| dc.description.abstract | Plants depend on a wide variety of vectors, both biotic and abiotic, to move their seeds to locations away from parent plants. The stages between seed production and seedling establishment in the plant life cycle are under the influence of a complex set of ecological and evolutionary factors (Wang and Smith 2002). In ecological time scales, seed dispersal has been shown to influence both plant population and community dynamics (Howe and Miriti 2004, Seidler and Plotkin 2006). The evolutionary effects are seen in the way these interactions influence the fruiting season, fruit crop size, fruit size, nutritive value of fruit or seed and other strategies adopted by the plant to ensure effective dispersal of their seeds (Howe and Smallwood 1982, Schupp 1993).

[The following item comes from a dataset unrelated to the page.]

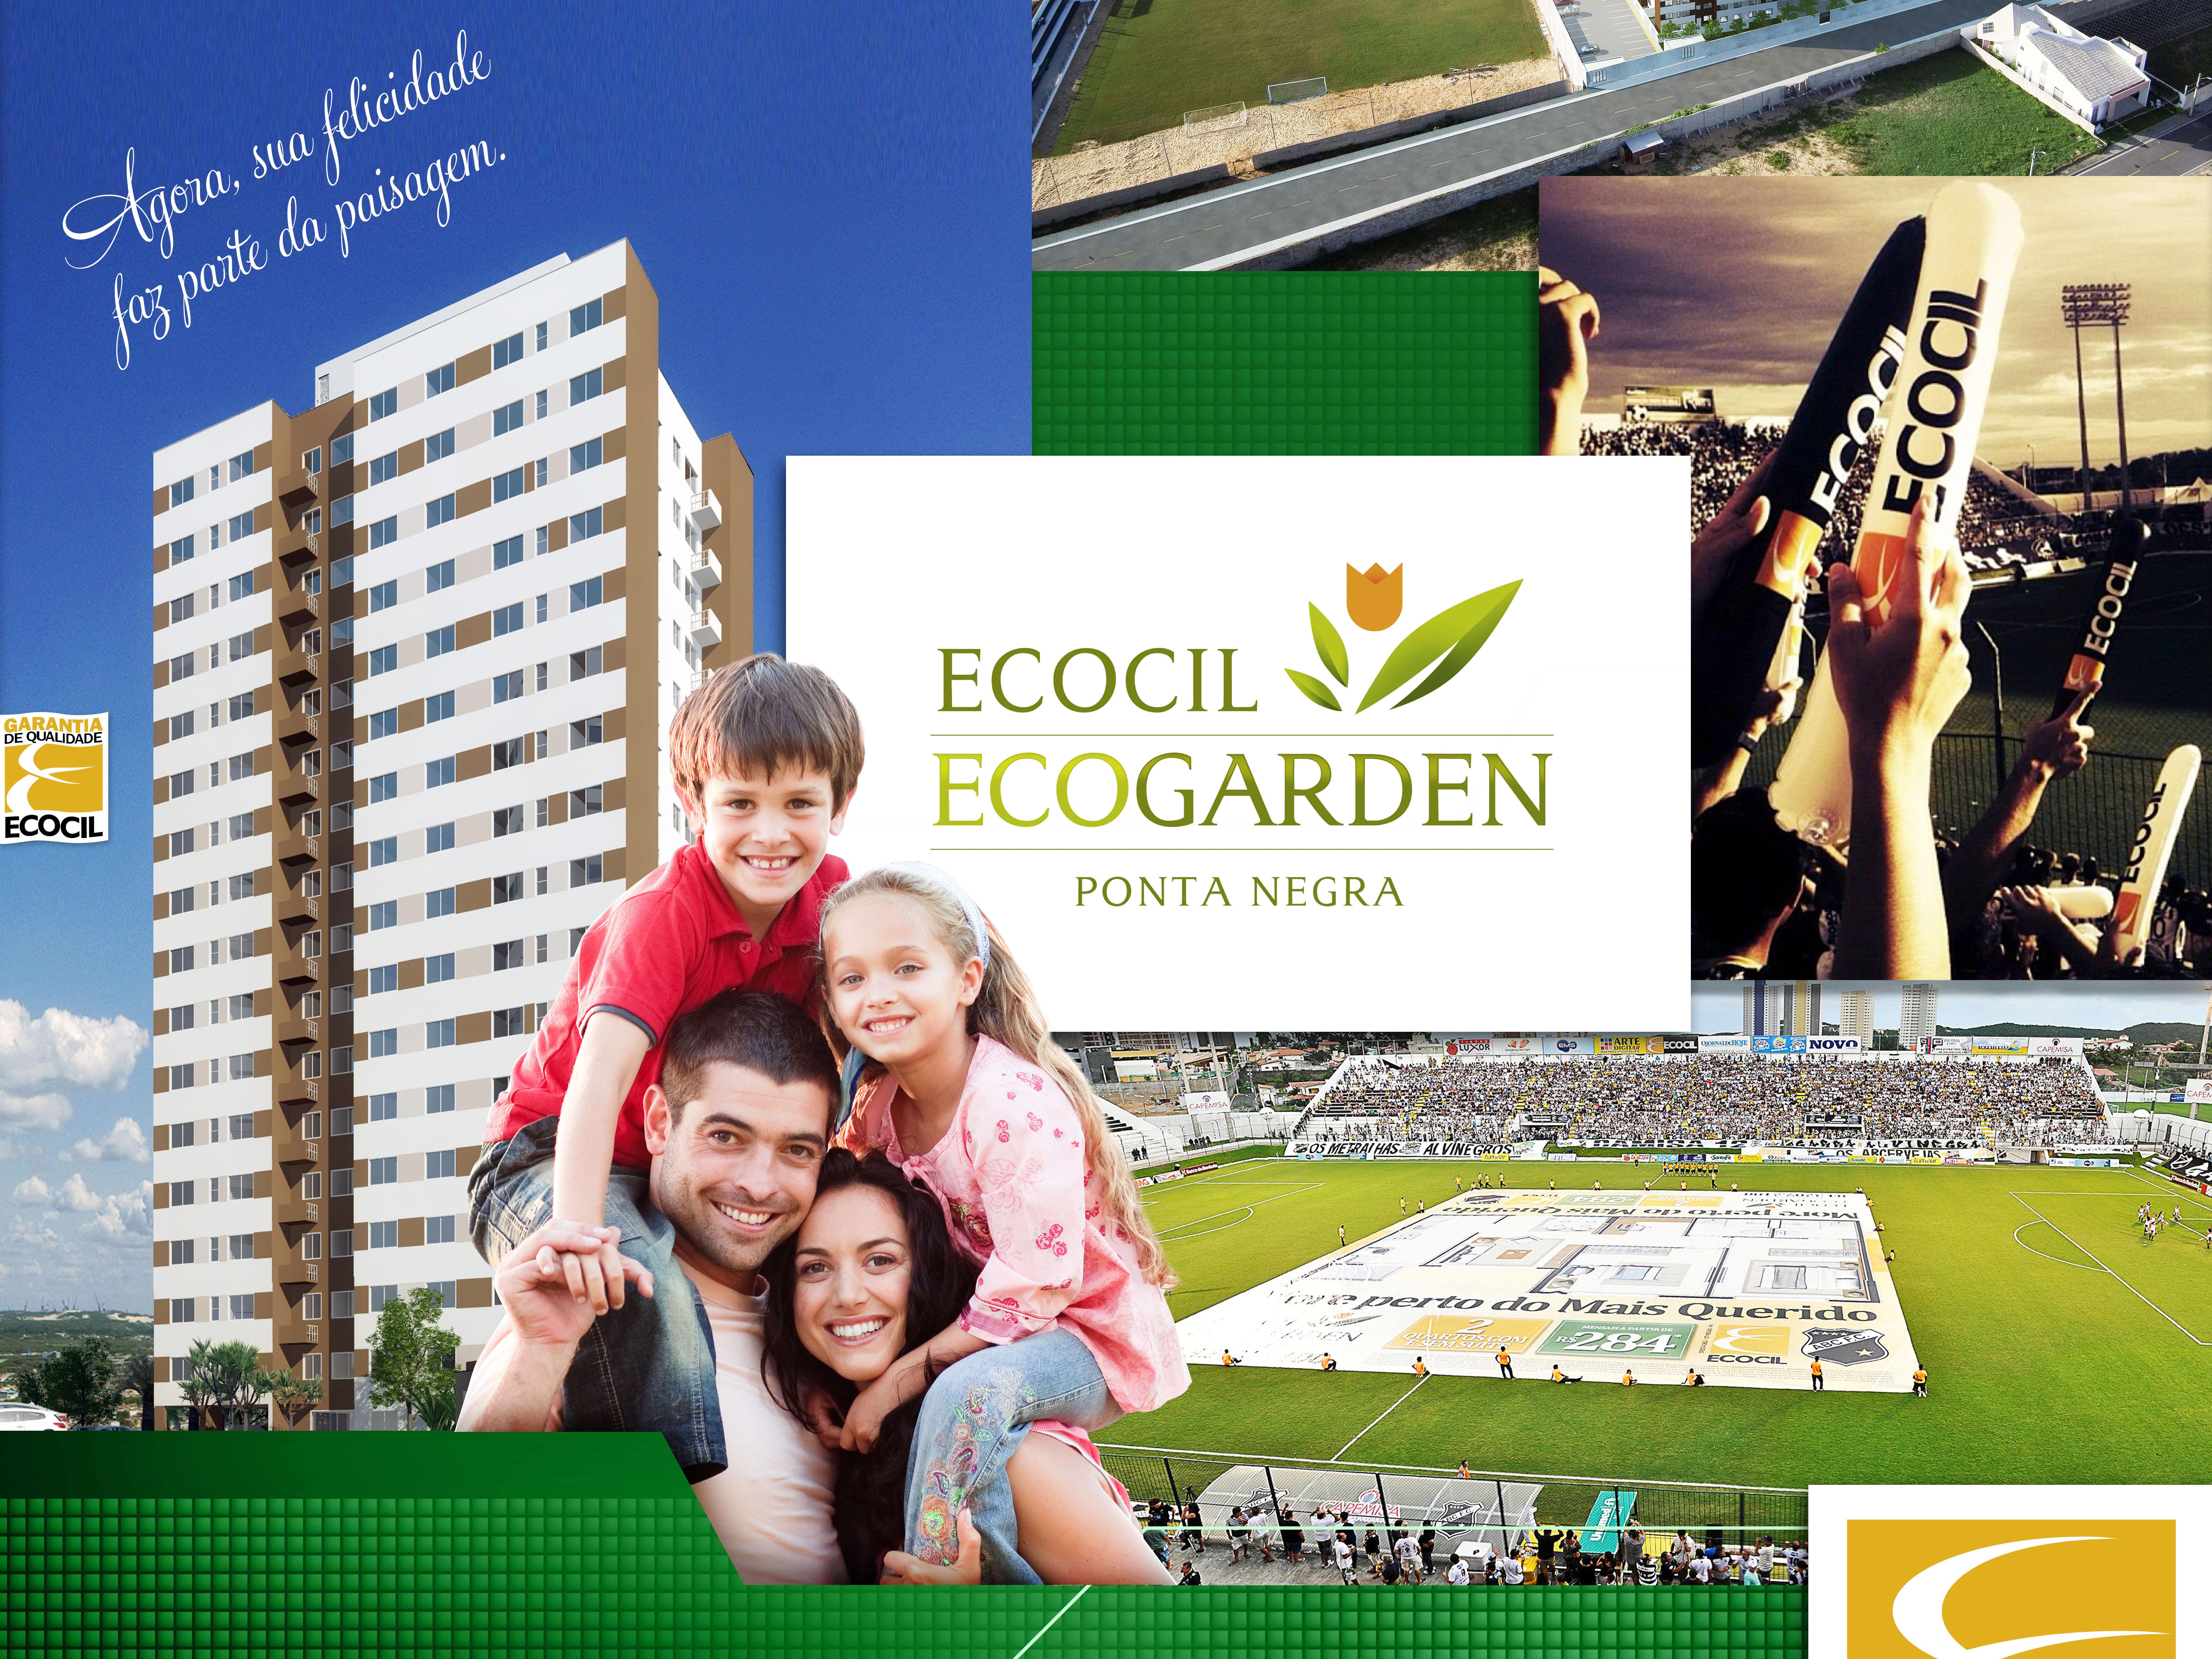 Ecocil Ecogarden Ponta Negra - ABC FC

Most seed dispersal research has focussed on arboreal frugivores such as birds, primates and bats. In comparison, terrestrial frugivores such as ruminants, elephants and rodents are poorly researched. Large-bodied terrestrial frugivores are key to the dispersal of several large-seeded plants and are also capable of dispersing seeds to long distances (> 1 km). Given that large mammals have witnessed tremendous declines in their abundances and ranges in historical times, plants that depend upon them for long distance dispersal might have limited ability to move across fragmented landscapes under changing climates. However, very little is understood about seed dispersal by large mammals or about seed dispersal characteristics of tropical dry forests which support among the highest biomass of large terrestrial mammals. Tropical dry forests are among the most endangered tropical ecosystems (Janzen 1988). It has also been forecast that tropical dry forests in the Indian subcontinent will witness significant changes in temperature and rainfall regimes in the coming decades (Ravindranath et al. 2006). However, compared to tropical moist forests which have received most of the scientific interest, theory, methodology and base line information about seed dispersal in dry forests is poorly developed.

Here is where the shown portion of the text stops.